The general rule in this state is that a person who contracts or deals with a corporation as such will be estopped to deny its corporate existence in an action arising out of or involving the contract. Our appellate courts have stated many times that when a person enters into a contract with an entity purporting to be a corporation, and such entity is described in the contract by its corporate name, such person admits the legal existence of the corporation with reference to any action brought to enforce the contract, and for the purpose of that action will not be allowed to question the legality of the corporate existence. Imboden v. Etowah & Battle Branch &c. Mining Co., 70 Ga. 86; Orr v. McLeay, 6 Ga. App. 417 (65 SE 164); Brown v. Atlanta R. &c. Co., 113 Ga. 462, 468 (39 SE 71); Rogers v. McKinley, 52 Ga. App. 161 (182 SE 805); West v. Flynn Realty Co., 53 Ga. App. 594, 595 (186 SE 753); City of Jefferson v. Holder, 195 Ga. 346 (24 SE2d 187).

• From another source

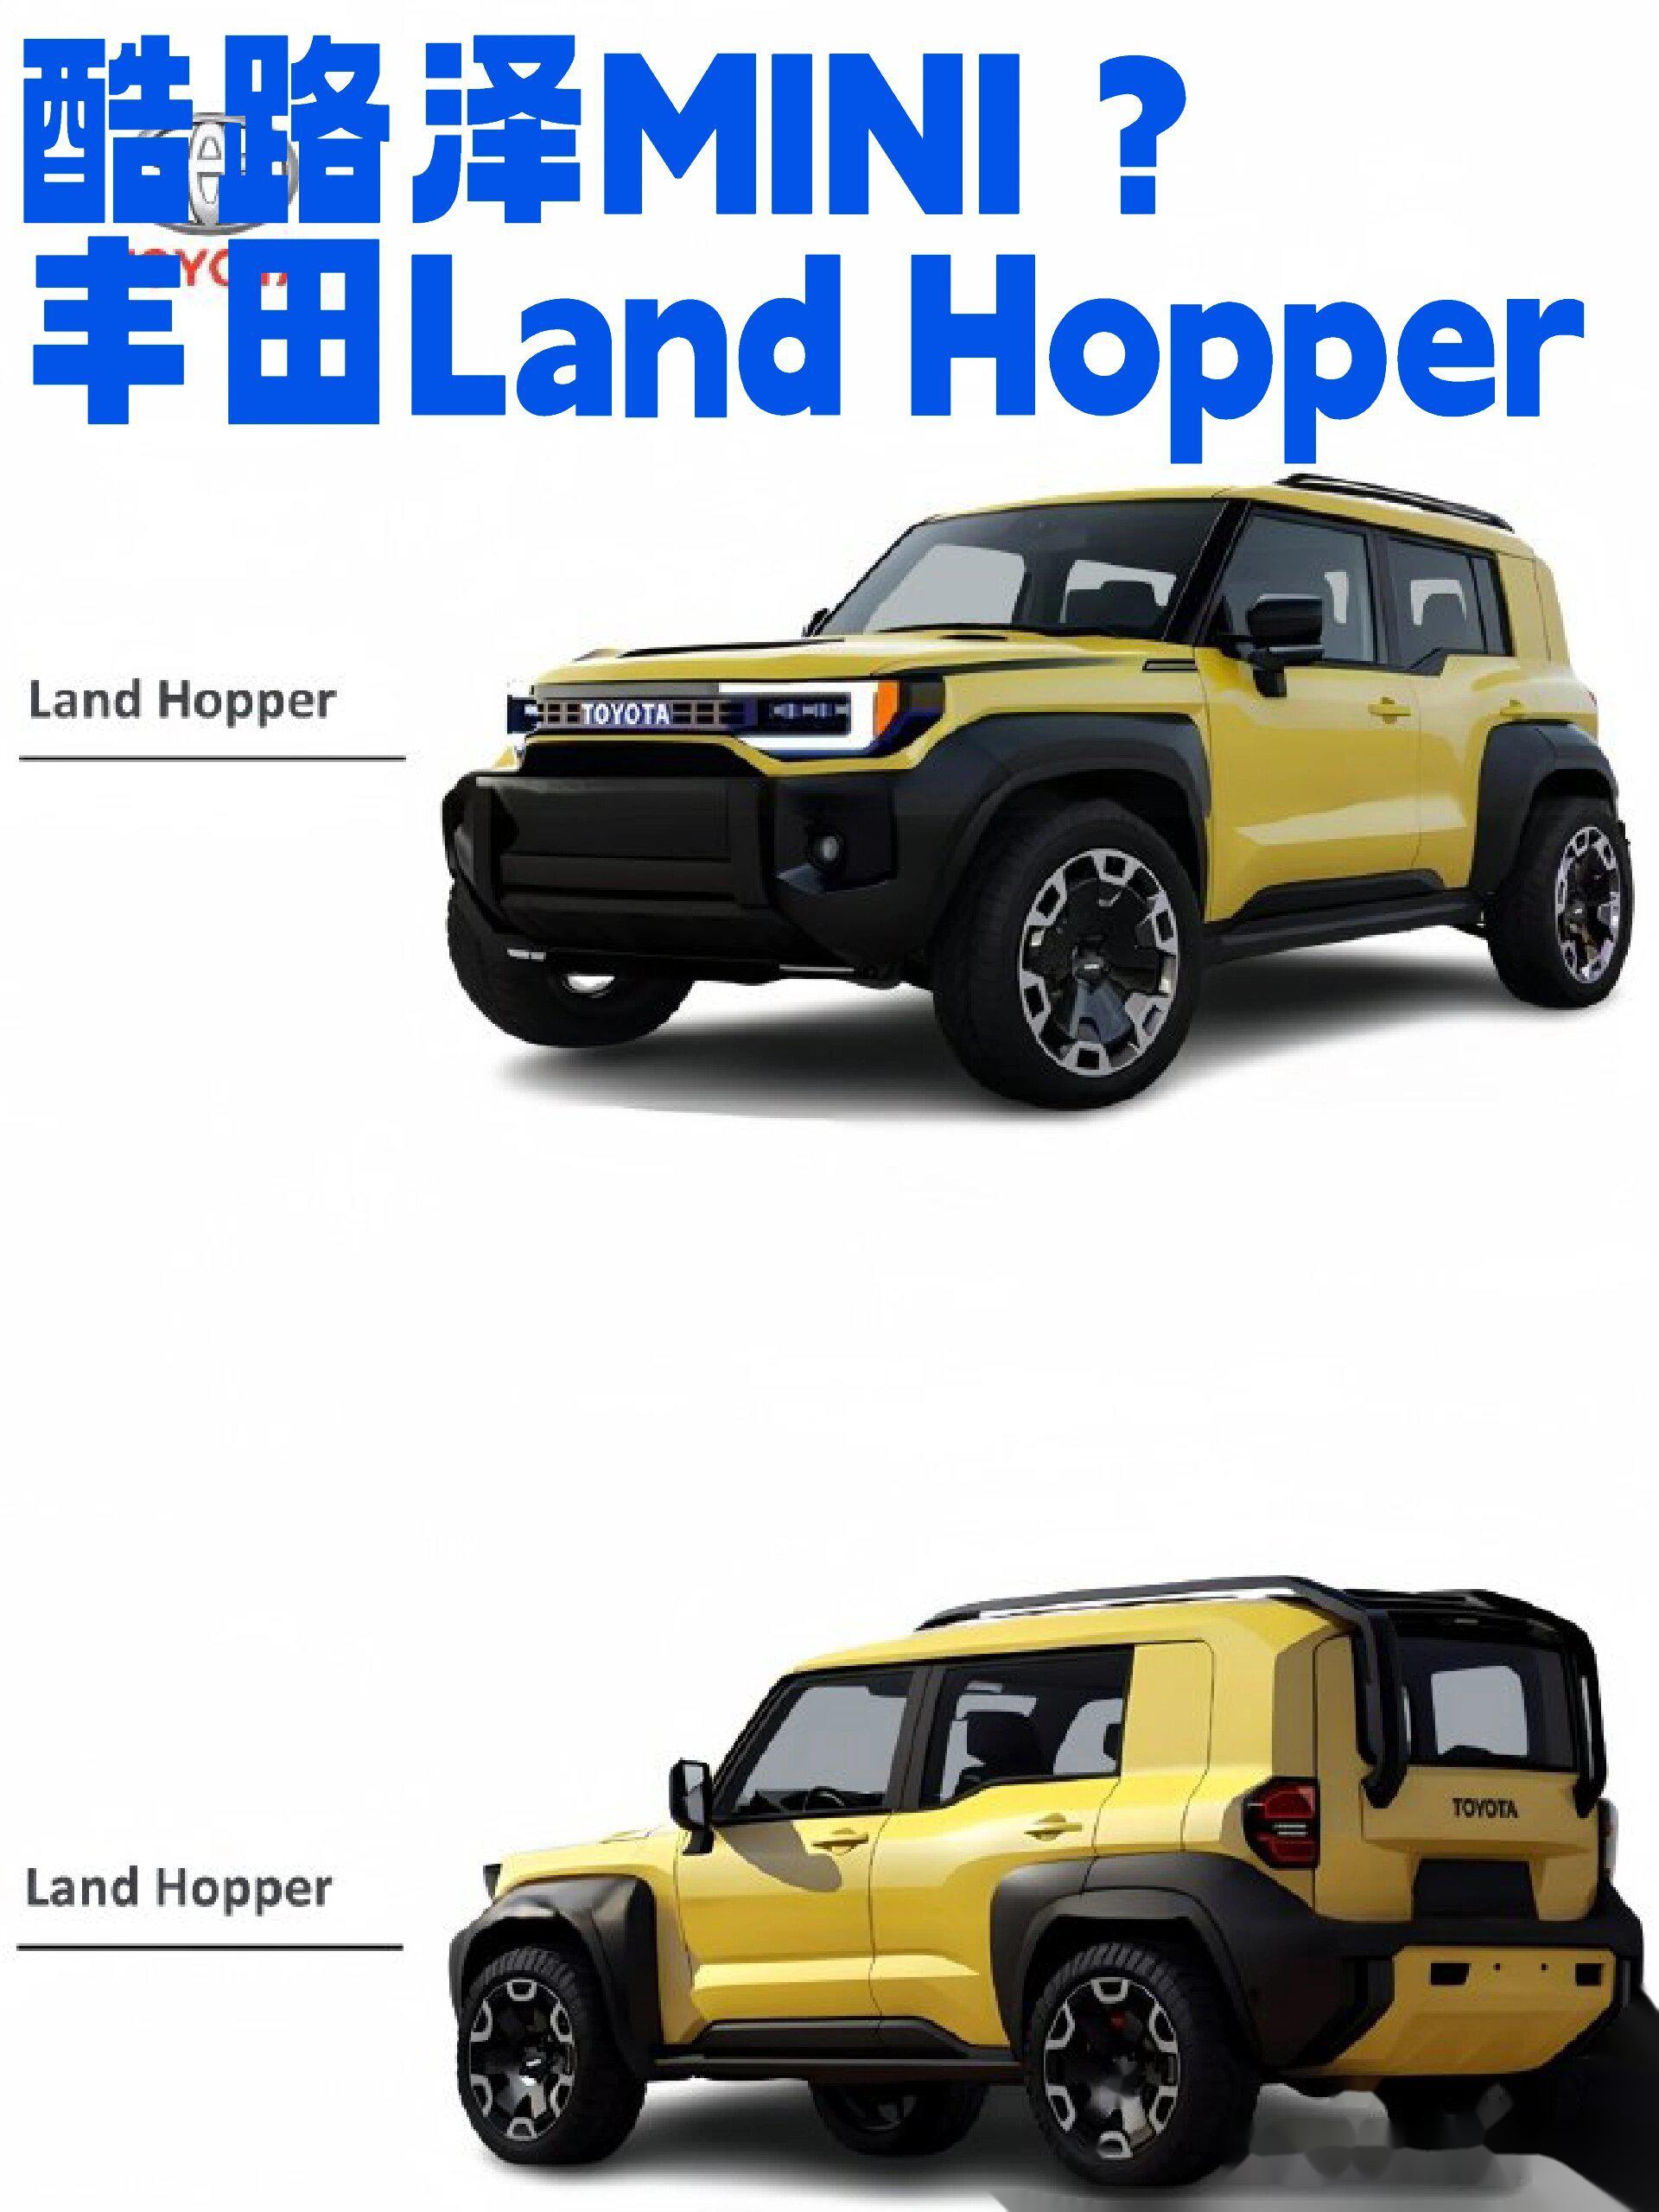 mini版兰德酷路泽—land hopper 丰田已经决定推出一款小型硬派越野车

Under the new Georgia Business Corporation Code effective April 1, 1969, there is no longer any concept of a de facto corporation as far as that doctrine applies to defectively incorporated domestic corporations. Kaplan's Nadler Ga. Corp. Law, § 3-9. This view is supported by Code Ann. § 22-804 which makes the Secretary of State's certificate of incorporation conclusive evidence of incorporation except as to the State. In addition to the above, Code Ann. § 22-204 makes persons assuming to act as a corporation before their certificate of incorporation has been issued jointly and severally liable for all debts and liabilities arising as a result of those acts.

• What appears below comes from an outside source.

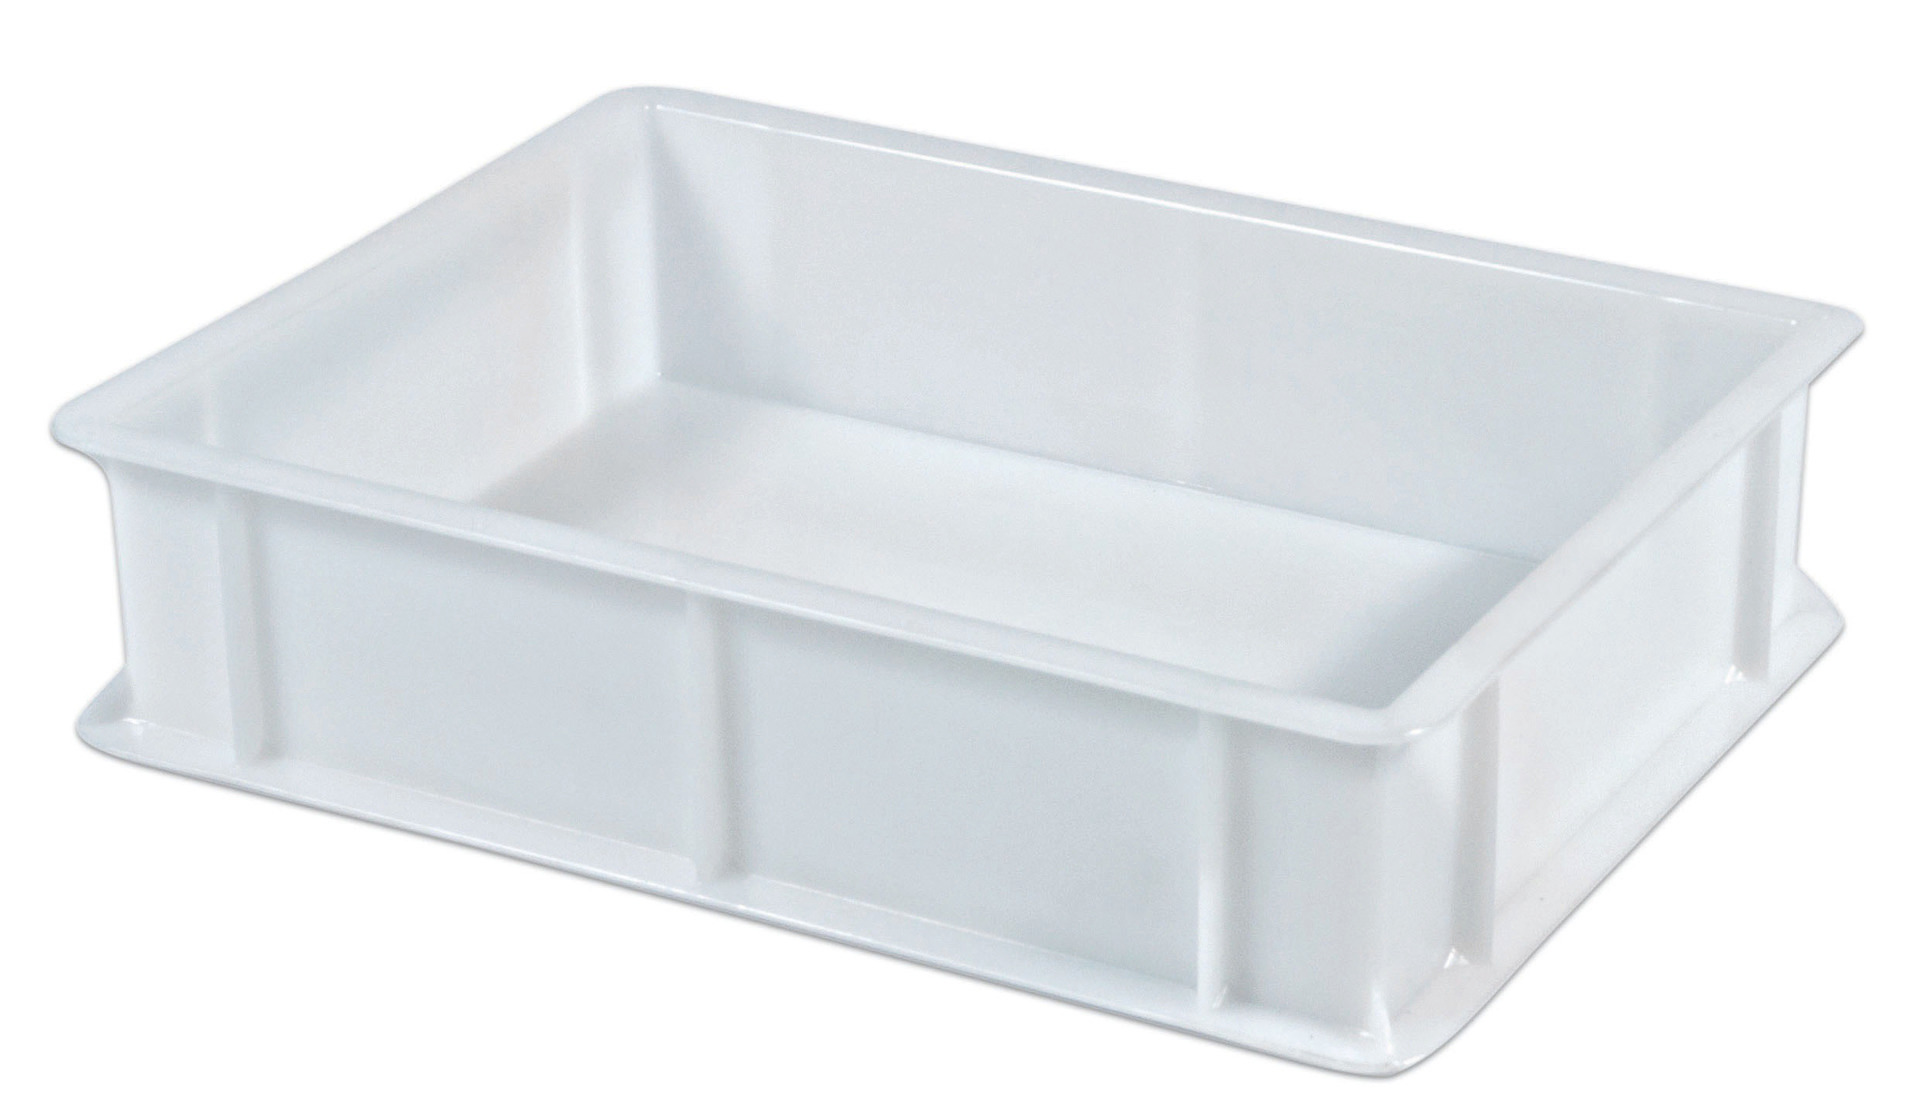 Transportbox Polyethylen weiß 300 x 400 x 100 mm

Although de facto corporations have been eliminated in this state, the comments after Code Ann. § 22-204 contain the following language: "The doctrine of corporation by estoppel will not be affected by this section. See Code Ann., former § 22-714, which *875 the new Title 22 specifically retains as § 22-5103." Code Ann. § 22-5103 states that: "The existence of a corporation, claiming a charter under color of law, cannot be collaterally attacked by persons who have dealt with it as a corporation. Such persons are estopped from denying its corporate existence." Without the re-enactment of Code Ann. § 22-5103 into the Corporation Code, we perceive that the doctrine of corporation by estoppel as well as de facto corporations would have been eliminated and "put to rest." This has been the conclusion in other jurisdictions where such language as found in our Code Ann. § 22-5103 is not included in the Business Corporation Code. For an excellent discussion on this point see Robertson v. Levy, 197 A. 2d 443 (D. C. Ct. of App.)

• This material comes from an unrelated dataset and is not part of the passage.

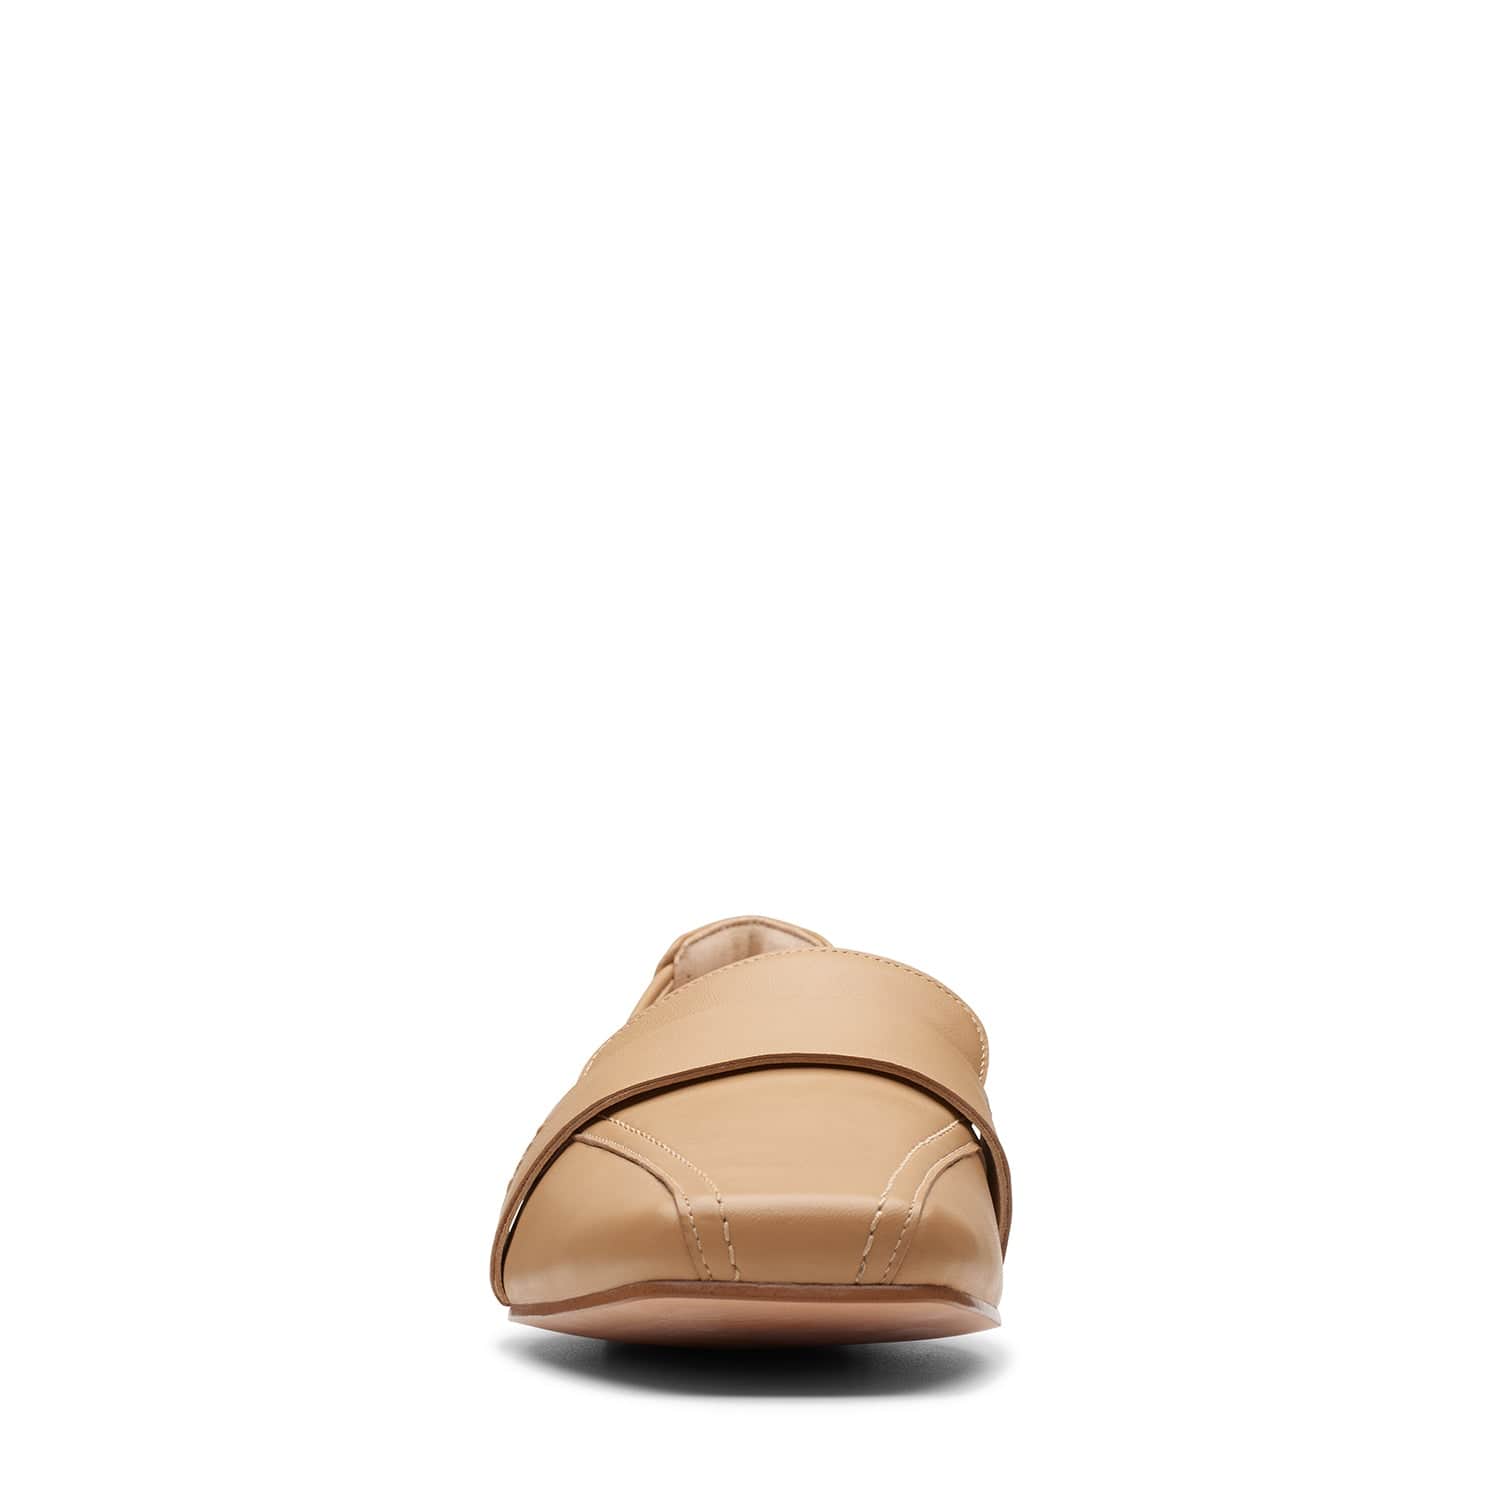 Clarks Seren Flat - Shoes - Camel Leather - 261716134 - D Width (Standard Fit)

The petition in this case alleges that prior to and at the time the lease was executed the appellants held themselves out as Sandy Springs West, Inc., and that Bennett dealt with them as such corporation. Such allegations, if proven, would authorize the application of the doctrine of corporation by estoppel.
We reverse the judgment of the trial court in so far as it dismissed Cahoon's complaint and Cline's counterclaim for failure to state a claim upon which relief could be granted. The correctness of the other rulings of the trial court cannot be determined until after an evidentiary hearing and a ruling on the applicability of the doctrine of corporation by estoppel to the proven facts.
Judgment reversed. All the Justices concur.